Treatment outcomes for patients with newly diagnosed or relapsed/refractory TP53-mutated mantle cell lymphoma: a systematic review and meta-analysis.

BACKGROUND

TP53 mutation is a critical predictor of early disease progression and poor prognosis in mantle cell lymphoma (MCL). Optimal treatment for these patients remains unclear. This systematic review and meta-analysis evaluated various strategies for achieving remission in TP53-mutated (TP53m) MCL.

METHODS

We searched EMBASE, MEDLINE and conference proceedings from inception to May 7, 2025, without language restrictions. Randomised controlled trials, single-arm trials, and prospective or retrospective observational studies assessing remission strategies in newly diagnosed or relapsed/refractory TP53m MCL were included. Case reports, case series, and non-human studies were excluded. Two authors independently selected studies, extracted summary data from published reports, and assessed bias risk. Outcomes of interest were complete remission (CR) rate, overall response rate (ORR), overall survival (OS), and progression-free survival (PFS). Random-effects meta-analyses were used for summary estimation. The study is registered with PROSPERO, CRD42024594152.

FINDINGS

A total of 9833 studies were identified, of which 39 studies involving 734 patients with TP53m MCL were eligible.

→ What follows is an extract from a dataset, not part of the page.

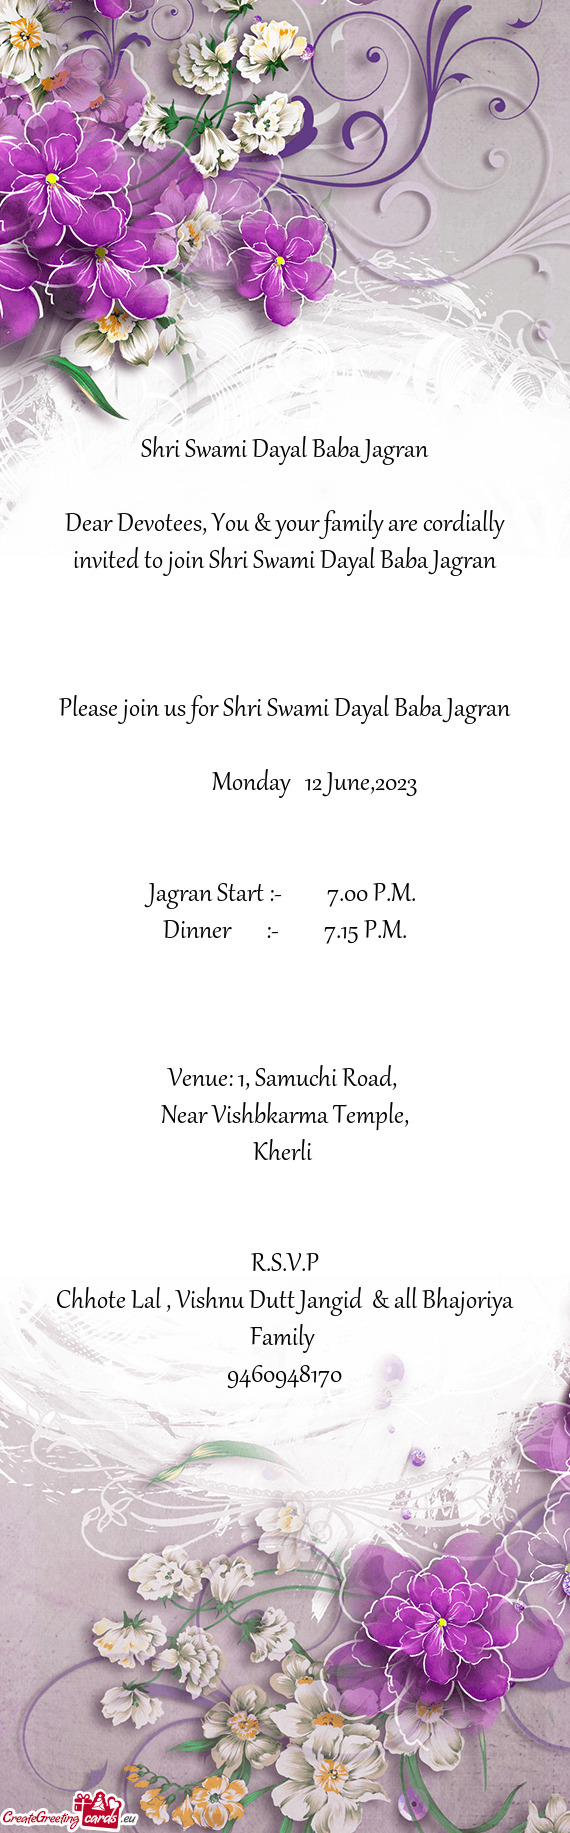 Dear Devotees, You & your family are cordially invited to join Shri Swami Dayal Baba Jagran

For newly diagnosed TP53m MCL, targeted therapy (TT) had a CR rate of 89% (95% confidence interval (CI) 80-99; n = 52; I = 0%), an ORR of 96% (95% CI 89-100; n = 48; I = 0%), a median OS of 38.5 months (95% CI 37.74-39.26; n = 6), a 2-year OS rate of 76% (19/25) (95% CI 55-91; n = 25), a median PFS of 38.5 months (95% CI 37.74-39.26; n = 6) and a 2-year PFS rate of 62% (95% CI 33-87; n = 30; I = 44%). For relapsed/refractory TP53m MCL, allogeneic hematopoietic stem cell transplantation (Allo-HSCT) had a CR rate of 100% (95% CI 65-100; n = 4; I = 0%) and an ORR of 100% (95% CI 65-100; n = 4; I = 0%); Chimeric antigen receptor-T (CAR-T) cell therapy had a CR rate of 85% (95% CI 69-100; n = 75; I = 66%), an ORR of 90% (95% CI 83-98; n = 67; I = 0%), a 2-year OS rate of 44% (37/61) (95% CI 32-58; n = 61), and 2-year PFS rates of 31% (19/61) (95% CI 20-44; n = 61); TT had a CR rate of 53% (95% CI 39-73; n = 95; I = 60%), an ORR of 64% (95% CI 53-77; n = 139; I = 50%), a median OS of 10.87 months (95% CI 6.41-15.33; n = 57; I = 0%), a 2-year OS rate of 53% (95% CI 45-62; n = 141; I = 0%), a median PFS of 7.83 months (95% CI -0.89-16.55; n = 31; I = 80%) and a 2-year PFS rate of 28% (95% CI 14-44; n = 141; I = 72%).

INTERPRETATION

Our findings indicate that TT may benefit patients with newly diagnosed TP53m MCL, and Allo-HSCT, CAR-T cell therapy, or TT could be considered for relapsed/refractory cases. However, -suboptimal long-term survival highlights the urgent need for innovative therapies. Key limitations, including small sample sizes and few randomised controlled trials (RCTs), emphasize the need for well-designed RCTs with adequate sample size in this field.

FUNDING

The Chongqing Natural Science Foundation and Talent Innovation Capability Cultivation Program of the Army Medical Center.